▼

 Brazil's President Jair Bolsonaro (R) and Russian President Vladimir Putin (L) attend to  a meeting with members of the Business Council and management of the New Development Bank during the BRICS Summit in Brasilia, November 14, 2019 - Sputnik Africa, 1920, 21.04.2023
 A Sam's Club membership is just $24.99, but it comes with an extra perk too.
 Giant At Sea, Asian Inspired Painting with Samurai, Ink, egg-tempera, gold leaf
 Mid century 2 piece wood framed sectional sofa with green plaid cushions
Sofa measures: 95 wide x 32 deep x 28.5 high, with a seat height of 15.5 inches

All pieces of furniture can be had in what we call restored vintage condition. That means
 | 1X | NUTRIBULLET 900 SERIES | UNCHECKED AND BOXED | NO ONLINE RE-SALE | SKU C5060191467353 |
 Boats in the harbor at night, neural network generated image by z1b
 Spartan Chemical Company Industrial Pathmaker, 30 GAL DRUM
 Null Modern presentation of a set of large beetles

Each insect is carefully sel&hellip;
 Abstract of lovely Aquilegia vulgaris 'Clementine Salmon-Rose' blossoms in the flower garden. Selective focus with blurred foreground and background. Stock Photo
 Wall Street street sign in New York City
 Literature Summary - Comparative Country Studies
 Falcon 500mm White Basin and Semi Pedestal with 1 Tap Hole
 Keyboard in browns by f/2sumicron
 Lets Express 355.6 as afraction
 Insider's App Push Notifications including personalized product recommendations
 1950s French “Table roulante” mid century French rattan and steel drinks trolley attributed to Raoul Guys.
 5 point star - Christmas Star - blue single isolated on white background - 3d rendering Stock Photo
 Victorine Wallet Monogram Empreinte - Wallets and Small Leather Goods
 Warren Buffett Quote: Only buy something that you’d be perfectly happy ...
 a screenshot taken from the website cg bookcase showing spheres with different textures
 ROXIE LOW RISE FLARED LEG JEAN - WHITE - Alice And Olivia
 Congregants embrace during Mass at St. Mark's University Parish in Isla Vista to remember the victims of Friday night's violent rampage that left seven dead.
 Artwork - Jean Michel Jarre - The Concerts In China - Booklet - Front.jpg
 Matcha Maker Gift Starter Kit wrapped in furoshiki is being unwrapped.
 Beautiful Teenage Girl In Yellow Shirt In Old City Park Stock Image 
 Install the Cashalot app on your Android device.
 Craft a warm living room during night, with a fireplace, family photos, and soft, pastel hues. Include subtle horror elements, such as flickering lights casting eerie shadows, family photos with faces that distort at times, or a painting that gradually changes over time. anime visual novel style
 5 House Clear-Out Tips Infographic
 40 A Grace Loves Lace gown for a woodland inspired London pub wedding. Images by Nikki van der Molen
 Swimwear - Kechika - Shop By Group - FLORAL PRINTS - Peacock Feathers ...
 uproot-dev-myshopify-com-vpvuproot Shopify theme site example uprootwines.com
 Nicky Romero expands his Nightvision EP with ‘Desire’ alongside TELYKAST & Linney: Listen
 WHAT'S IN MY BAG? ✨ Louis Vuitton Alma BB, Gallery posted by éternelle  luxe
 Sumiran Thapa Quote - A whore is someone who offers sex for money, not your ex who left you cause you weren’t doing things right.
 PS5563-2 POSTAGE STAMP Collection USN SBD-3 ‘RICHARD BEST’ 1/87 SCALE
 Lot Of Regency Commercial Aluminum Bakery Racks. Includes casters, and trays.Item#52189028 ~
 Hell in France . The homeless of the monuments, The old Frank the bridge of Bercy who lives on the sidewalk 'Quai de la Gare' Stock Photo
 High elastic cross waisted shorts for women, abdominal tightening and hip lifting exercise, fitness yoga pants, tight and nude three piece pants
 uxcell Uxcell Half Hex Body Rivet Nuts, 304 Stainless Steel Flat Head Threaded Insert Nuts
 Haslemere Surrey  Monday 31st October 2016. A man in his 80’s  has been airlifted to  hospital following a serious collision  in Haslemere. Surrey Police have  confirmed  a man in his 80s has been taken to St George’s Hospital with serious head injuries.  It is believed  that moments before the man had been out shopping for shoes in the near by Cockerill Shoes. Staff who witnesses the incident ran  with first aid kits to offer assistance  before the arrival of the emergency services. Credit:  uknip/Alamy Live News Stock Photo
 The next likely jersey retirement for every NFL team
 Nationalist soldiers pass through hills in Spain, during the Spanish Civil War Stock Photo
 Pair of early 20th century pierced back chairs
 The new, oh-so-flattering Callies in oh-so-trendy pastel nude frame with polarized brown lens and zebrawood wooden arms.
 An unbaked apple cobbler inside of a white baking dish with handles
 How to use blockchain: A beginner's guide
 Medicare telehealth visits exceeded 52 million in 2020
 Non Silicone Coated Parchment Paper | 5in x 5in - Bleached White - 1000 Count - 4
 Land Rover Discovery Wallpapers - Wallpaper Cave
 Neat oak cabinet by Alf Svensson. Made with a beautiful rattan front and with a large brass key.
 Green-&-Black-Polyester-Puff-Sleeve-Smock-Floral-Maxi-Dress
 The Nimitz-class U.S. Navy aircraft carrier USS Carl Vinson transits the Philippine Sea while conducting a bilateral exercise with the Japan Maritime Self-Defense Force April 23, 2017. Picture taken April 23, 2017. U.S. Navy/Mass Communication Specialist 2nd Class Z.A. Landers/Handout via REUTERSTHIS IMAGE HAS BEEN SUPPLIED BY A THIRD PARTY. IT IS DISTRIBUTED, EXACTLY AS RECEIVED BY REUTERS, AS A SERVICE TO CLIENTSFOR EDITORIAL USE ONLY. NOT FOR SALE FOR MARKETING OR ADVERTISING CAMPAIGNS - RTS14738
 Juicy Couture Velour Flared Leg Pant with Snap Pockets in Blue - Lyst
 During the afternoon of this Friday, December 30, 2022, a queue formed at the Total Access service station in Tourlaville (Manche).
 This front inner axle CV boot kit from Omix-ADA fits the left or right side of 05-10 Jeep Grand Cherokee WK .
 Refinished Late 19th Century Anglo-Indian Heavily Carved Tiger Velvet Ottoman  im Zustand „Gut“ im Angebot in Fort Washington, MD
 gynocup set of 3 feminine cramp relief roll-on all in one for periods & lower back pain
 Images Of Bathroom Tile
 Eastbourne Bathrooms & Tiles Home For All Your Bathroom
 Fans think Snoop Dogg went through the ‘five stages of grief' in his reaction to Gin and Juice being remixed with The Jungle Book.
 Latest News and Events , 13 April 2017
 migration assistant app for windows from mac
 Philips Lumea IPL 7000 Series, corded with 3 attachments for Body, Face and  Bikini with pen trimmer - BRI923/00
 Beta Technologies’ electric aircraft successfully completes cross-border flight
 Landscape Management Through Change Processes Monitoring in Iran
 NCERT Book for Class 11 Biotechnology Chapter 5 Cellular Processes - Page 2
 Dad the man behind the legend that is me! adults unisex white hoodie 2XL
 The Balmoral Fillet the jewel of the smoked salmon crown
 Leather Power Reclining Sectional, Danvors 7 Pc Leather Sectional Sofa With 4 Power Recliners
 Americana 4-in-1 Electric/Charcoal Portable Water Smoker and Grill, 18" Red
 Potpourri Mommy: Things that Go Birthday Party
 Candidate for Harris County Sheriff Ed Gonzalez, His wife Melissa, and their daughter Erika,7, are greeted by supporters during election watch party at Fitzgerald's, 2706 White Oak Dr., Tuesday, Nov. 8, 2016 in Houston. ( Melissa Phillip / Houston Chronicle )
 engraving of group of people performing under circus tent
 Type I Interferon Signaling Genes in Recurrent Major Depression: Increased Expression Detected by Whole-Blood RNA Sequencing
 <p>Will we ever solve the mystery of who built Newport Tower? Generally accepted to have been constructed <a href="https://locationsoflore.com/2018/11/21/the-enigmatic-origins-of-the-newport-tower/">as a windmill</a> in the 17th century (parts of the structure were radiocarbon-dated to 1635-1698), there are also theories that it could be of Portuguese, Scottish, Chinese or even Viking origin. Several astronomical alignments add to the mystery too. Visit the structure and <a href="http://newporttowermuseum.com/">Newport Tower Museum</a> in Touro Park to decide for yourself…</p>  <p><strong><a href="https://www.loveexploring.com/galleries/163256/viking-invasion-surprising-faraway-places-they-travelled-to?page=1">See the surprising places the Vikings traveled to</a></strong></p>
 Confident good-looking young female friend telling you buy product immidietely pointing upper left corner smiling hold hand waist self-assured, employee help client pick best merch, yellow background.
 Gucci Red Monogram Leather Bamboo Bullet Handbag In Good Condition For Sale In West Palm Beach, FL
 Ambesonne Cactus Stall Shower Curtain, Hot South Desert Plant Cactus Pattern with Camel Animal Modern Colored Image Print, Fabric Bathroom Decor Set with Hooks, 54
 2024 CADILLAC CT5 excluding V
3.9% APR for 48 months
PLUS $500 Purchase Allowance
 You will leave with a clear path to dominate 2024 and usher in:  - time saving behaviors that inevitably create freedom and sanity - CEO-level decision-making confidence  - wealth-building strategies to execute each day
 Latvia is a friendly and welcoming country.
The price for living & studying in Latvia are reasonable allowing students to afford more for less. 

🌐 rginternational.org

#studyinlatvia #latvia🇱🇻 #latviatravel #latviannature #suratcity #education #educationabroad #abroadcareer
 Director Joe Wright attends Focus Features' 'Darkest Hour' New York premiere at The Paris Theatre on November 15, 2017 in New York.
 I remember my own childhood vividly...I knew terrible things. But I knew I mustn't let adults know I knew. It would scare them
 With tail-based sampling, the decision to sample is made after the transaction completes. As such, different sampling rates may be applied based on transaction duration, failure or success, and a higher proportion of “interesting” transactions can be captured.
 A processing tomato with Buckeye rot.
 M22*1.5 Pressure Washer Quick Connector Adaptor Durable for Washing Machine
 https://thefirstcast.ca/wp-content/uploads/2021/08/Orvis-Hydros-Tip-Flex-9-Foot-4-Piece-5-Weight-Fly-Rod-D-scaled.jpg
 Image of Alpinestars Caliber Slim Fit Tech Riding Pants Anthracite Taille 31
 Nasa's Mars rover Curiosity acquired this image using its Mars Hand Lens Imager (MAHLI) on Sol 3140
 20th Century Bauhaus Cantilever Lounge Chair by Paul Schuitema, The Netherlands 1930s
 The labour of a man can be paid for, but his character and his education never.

▲

(What is expected) Return nothing but the lines from the start of the listing above through the line containing "All pieces of", exactly as given.

(Written answer)
 Brazil's President Jair Bolsonaro (R) and Russian President Vladimir Putin (L) attend to  a meeting with members of the Business Council and management of the New Development Bank during the BRICS Summit in Brasilia, November 14, 2019 - Sputnik Africa, 1920, 21.04.2023
 A Sam's Club membership is just $24.99, but it comes with an extra perk too.
 Giant At Sea, Asian Inspired Painting with Samurai, Ink, egg-tempera, gold leaf
 Mid century 2 piece wood framed sectional sofa with green plaid cushions
Sofa measures: 95 wide x 32 deep x 28.5 high, with a seat height of 15.5 inches

All pieces of furniture can be had in what we call restored vintage condition. That means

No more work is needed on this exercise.